第56話 “代理”と『彼ら』
世界中を巻き込んだ『種族戦争』が集結して来年で100年になる。
【盟友の祭典】は異種族での争いの無い世界のためにと、5年に一度『王都カルタロック』で行われる祭りであった。
主催者は【精霊族】で、そこに多くの【魔神族】の権力者たちが協力するという形で行われ、普段はどちらにも属してない【獣人族】も参加を歓迎された。
【祭典】は一ヶ月という長い期間で祝われ、その間はどの『人種』も争いはしないという決まり事もあるという。
末永く平和を望むための行事だと歌われている。
…………………………
………………
「…………と表向きは云われているけど、この根本的な狙いは解ってる?」
図書館から戻ってきて数日。
訓練場の一角で休んでいるボウガに、ケンティが【祭典】の歴史を説明をしてきた。
「【魔神族】の【精霊族】への監視と牽制……だと」
以前、アロから聞いたことがあった。
『平和の祭典』とは名ばかりの、相手の本拠地への探りが本題だと。
「ほぼ正解。本当に『平和の祭典』だと思えば、それはそれで楽しく過ごせるものなの。でも私たちからしてみれば、主催者として経済が潤うことと、前後の準備や片付けで疲弊させられることがどっこいどっこいねぇ」
大変なのは【精霊族】の王侯貴族である。それでも、彼らは国民に奉仕する精神を表に掲げているので、楽しむ雰囲気の中で疲れた顔を世間に向ける訳にはいかない。

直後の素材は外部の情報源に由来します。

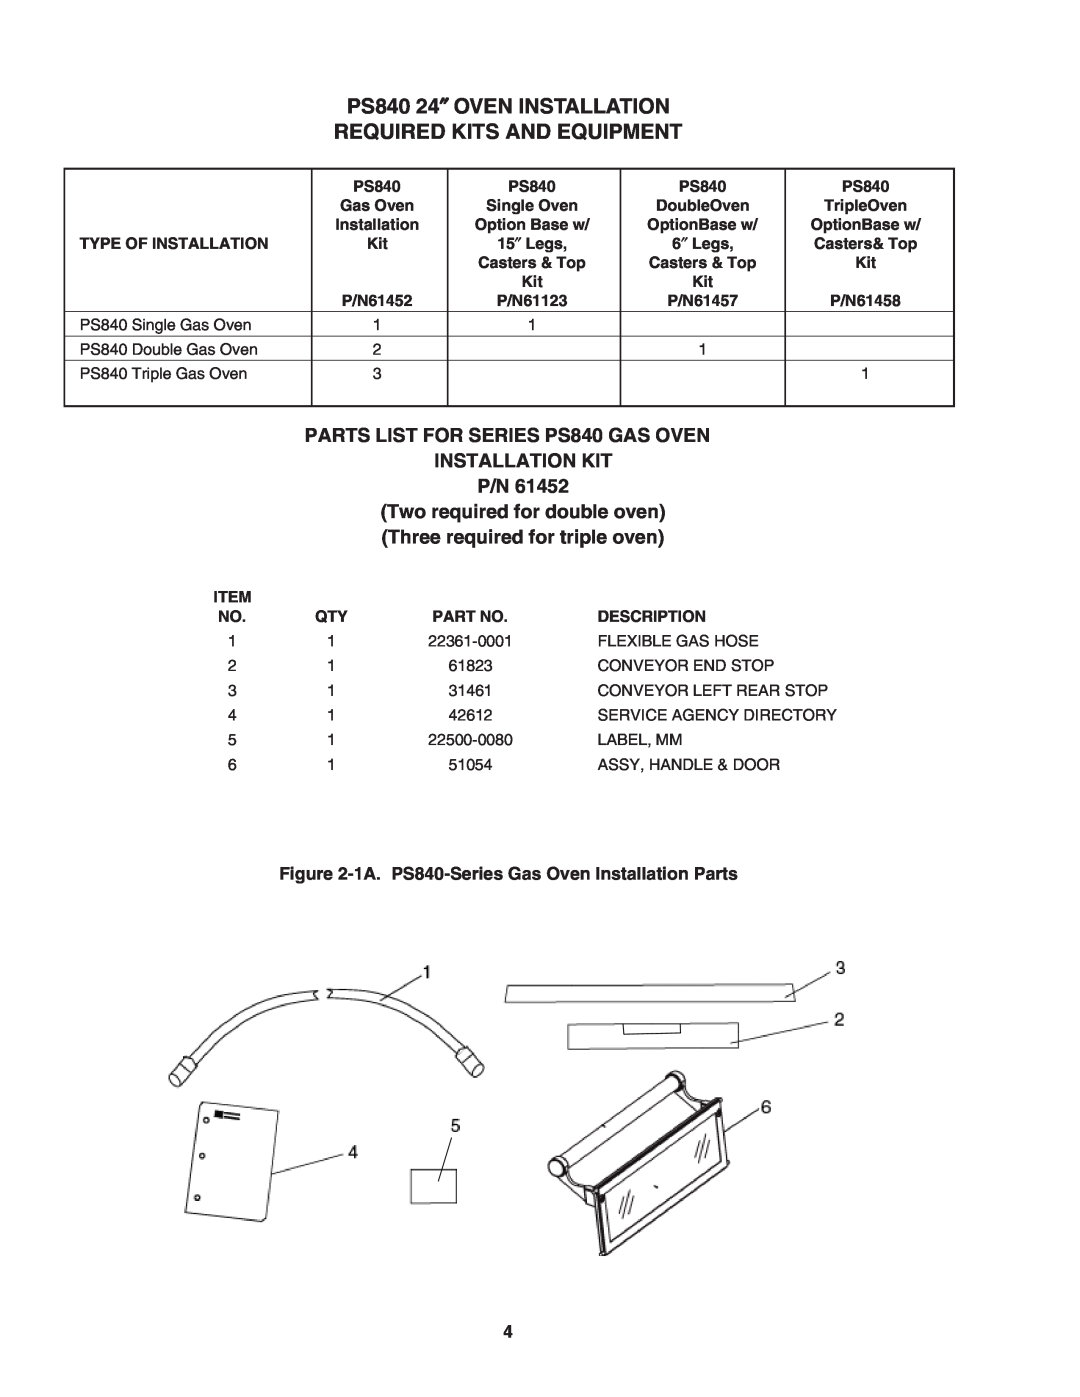 Middleby Marshall PS840 Series installation manual PS840 24″ OVEN INSTALLATION REQUIRED KITS AND EQUIPMENT 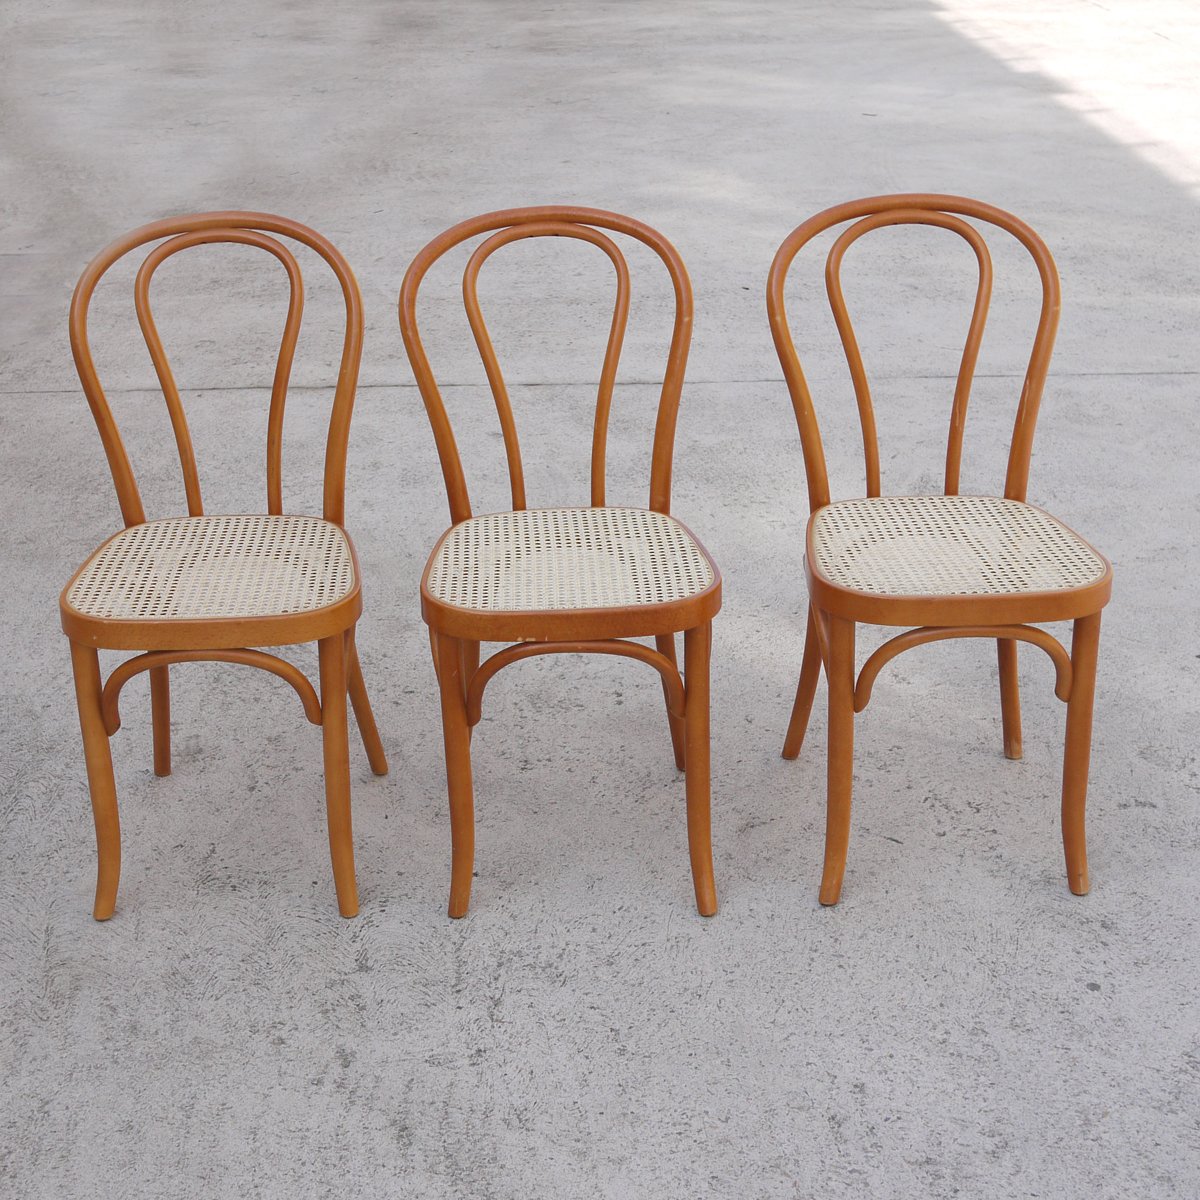 Vintage Bentwood Rattan Dining Chairs, Set of 3 for sale

「そして『御前試合』はチケットを買えば一般の人間も観戦できる【祭典】の一大イベントになるわ。優勝すれば“主人”も“代理”も全てから称賛されて、それが次期国王候補なら国民の後押しが物凄いことになるのが通例だと言われているわ」
聞けば二十年前にスパイクが優勝した時、その“主人”になっていた『内部王族』の王子は現在の魔術師師団の師団長だ。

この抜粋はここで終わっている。